Uma investigação conduzida pela organização internacional Civilization Works levanta sérias acusações sobre a atuação de uma força-tarefa secreta, supostamente ligada ao Supremo Tribunal Federal (STF), com foco no monitoramento de postagens nas redes sociais após os atos de 8 de janeiro de 2023.



Segundo o material divulgado, o grupo teria sido criado por ordem do ministro Alexandre de Moraes, com o objetivo de identificar e classificar manifestantes detidos. O trabalho envolveria a análise de postagens pessoais e dados biométricos, que teriam sido acessados indevidamente através do banco de dados do Tribunal Superior Eleitoral (TSE), conhecido como GestBio.
A denúncia ganhou repercussão após o jornalista americano Michael Shellenberger divulgar trechos de mensagens atribuídas a membros da equipe de Moraes.
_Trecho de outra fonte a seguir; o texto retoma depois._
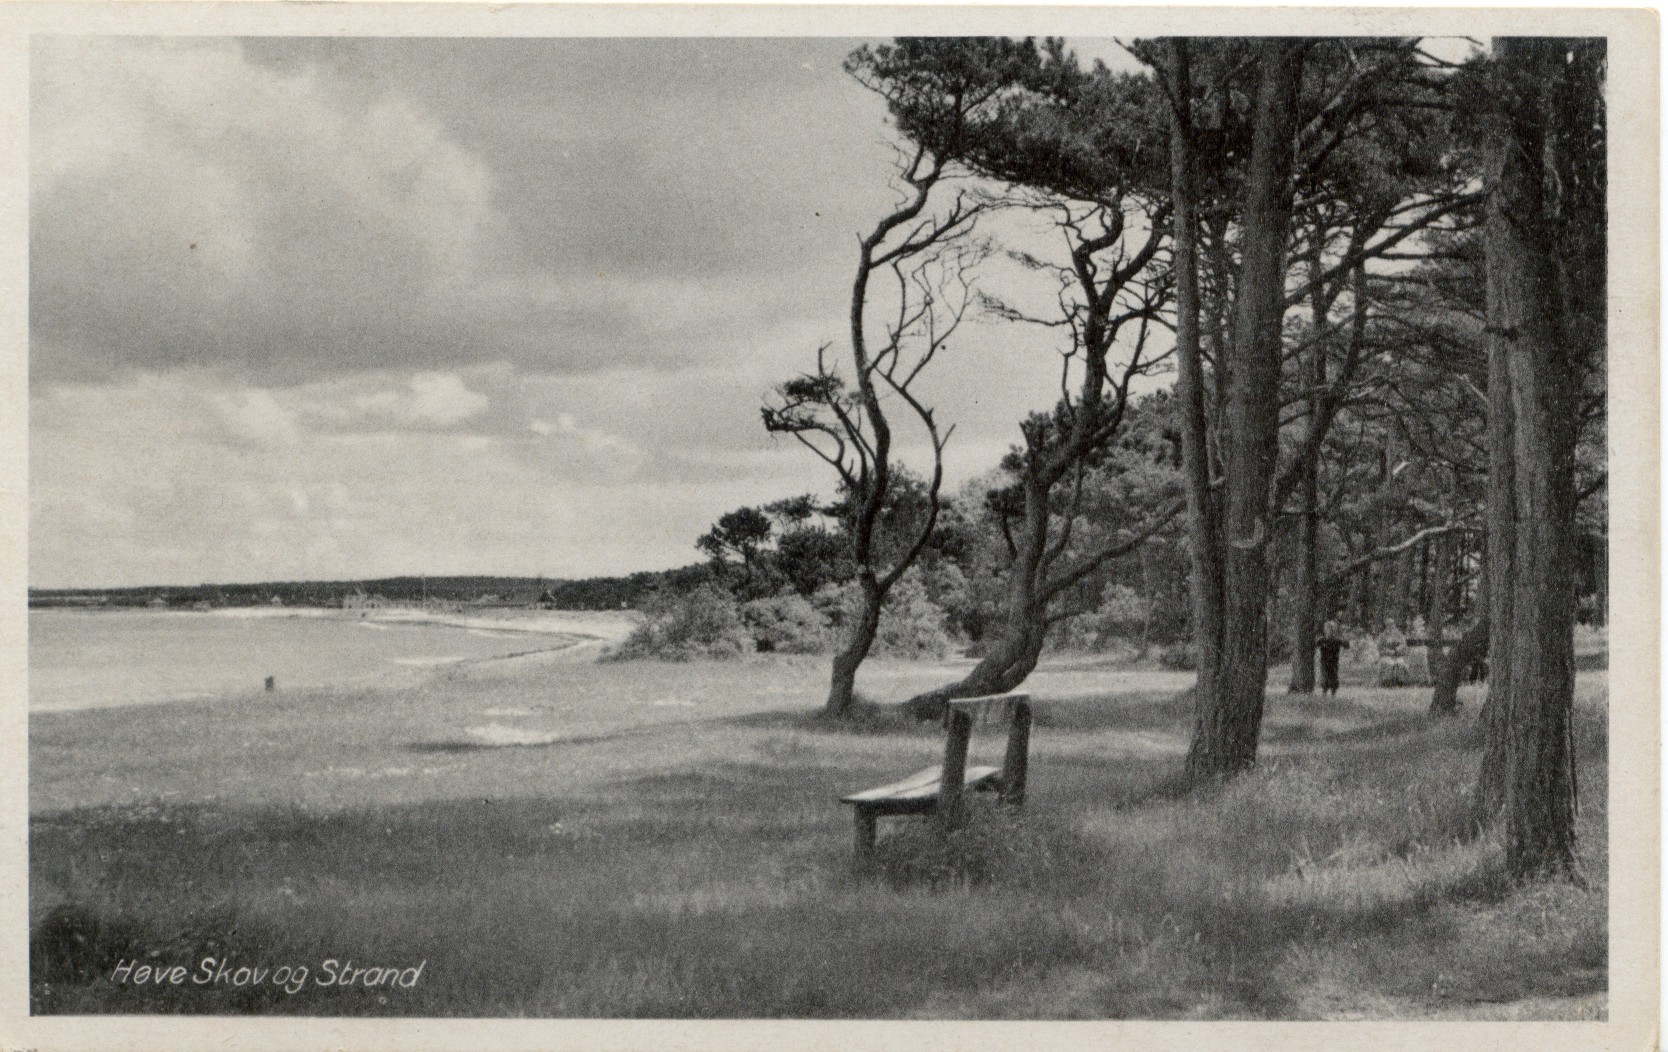 Ved Høve Strand, ca. 1940 (B1467)

Entre os citados está Eduardo Tagliaferro, atual chefe da unidade antidesinformação do TSE, e Kusahara, apontado como coordenador da suposta operação.
Práticas questionadas
O relatório da Civilization Works afirma que os dados coletados foram utilizados para classificar os detidos em dois grupos: “positivos”, que permaneceriam presos, e “negativos”, com possibilidade de soltura. O material também indica que muitas prisões foram mantidas com base apenas em postagens nas redes sociais, sem evidência de participação direta em crimes.
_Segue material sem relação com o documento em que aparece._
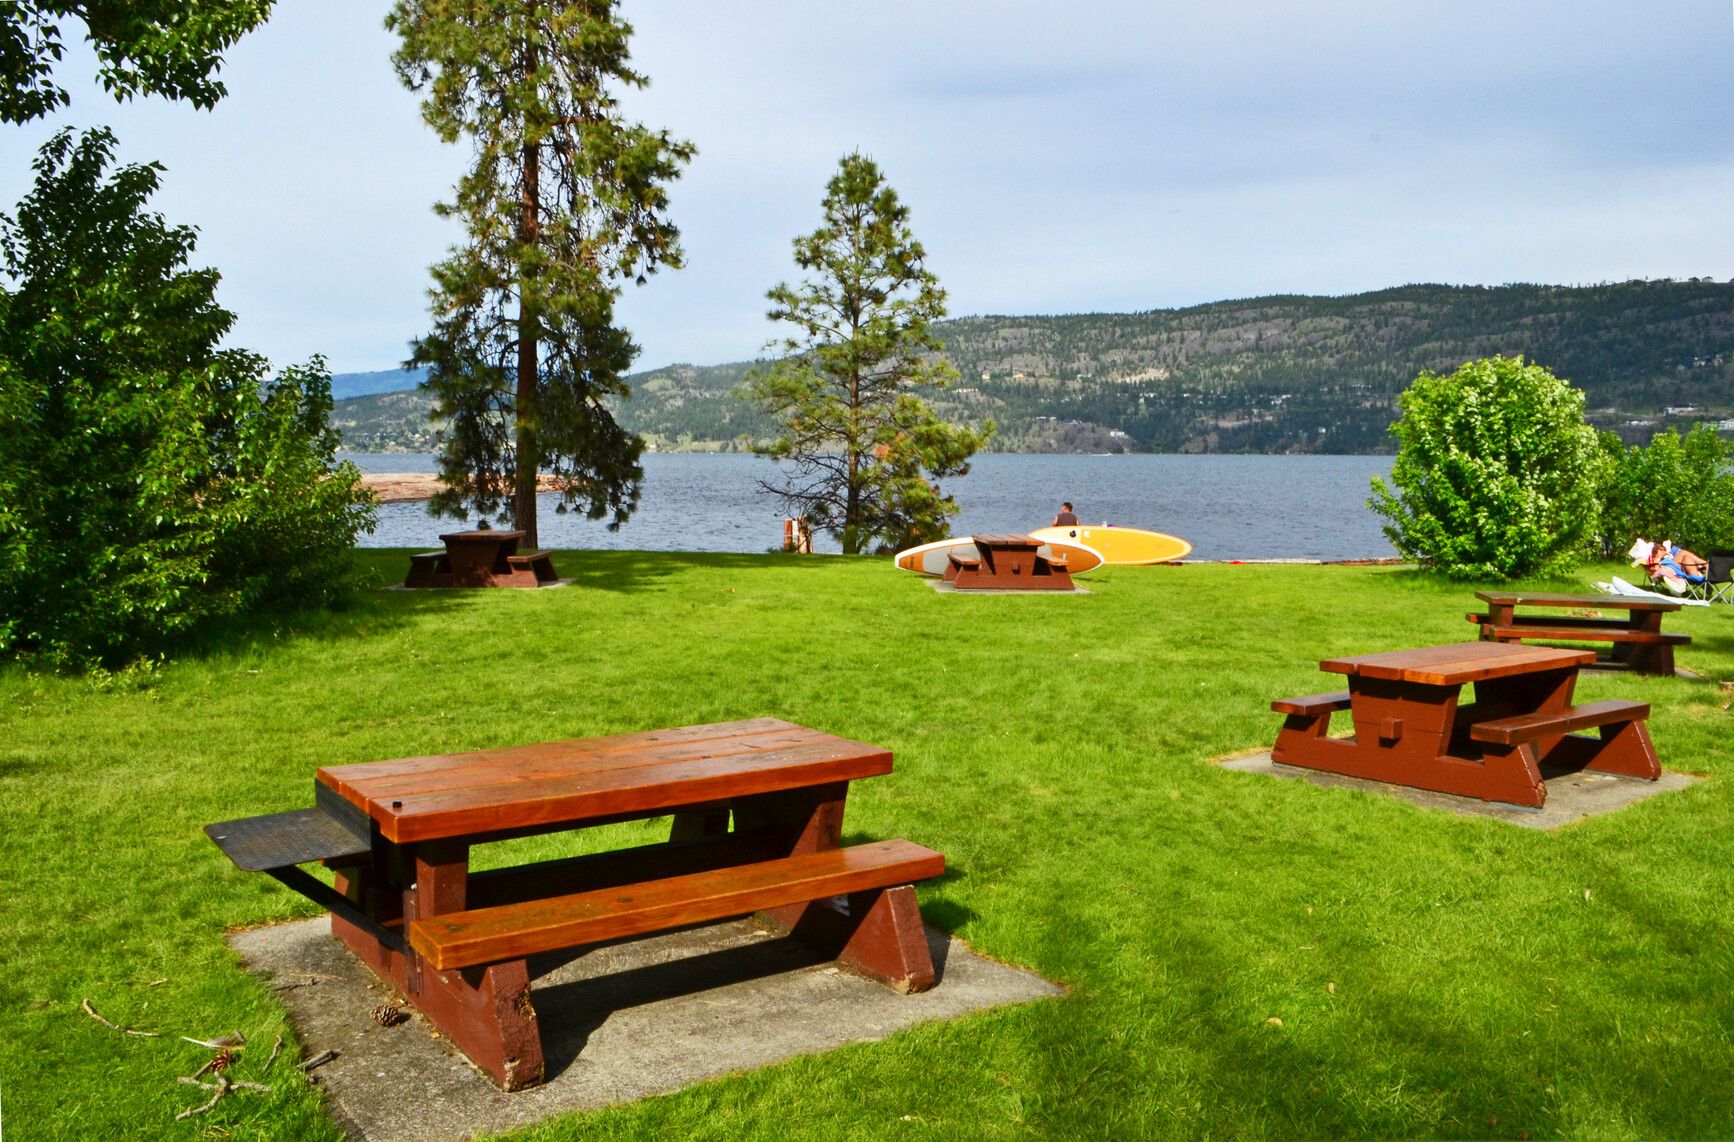 Day-use picnic area beside Okanagan Lake in Bear Creek Park.

Além disso, a investigação afirma que não houve o devido processo legal em diversos casos, levantando preocupações sobre violações a direitos fundamentais e o uso político do sistema judiciário.
Sem resposta oficial
Até o momento, nem o Supremo Tribunal Federal nem o Tribunal Superior Eleitoral comentaram oficialmente sobre o relatório ou as acusações feitas. O caso segue repercutindo nas redes sociais e gerando debates sobre os limites entre segurança institucional, liberdade de expressão e legalidade das ações do Judiciário.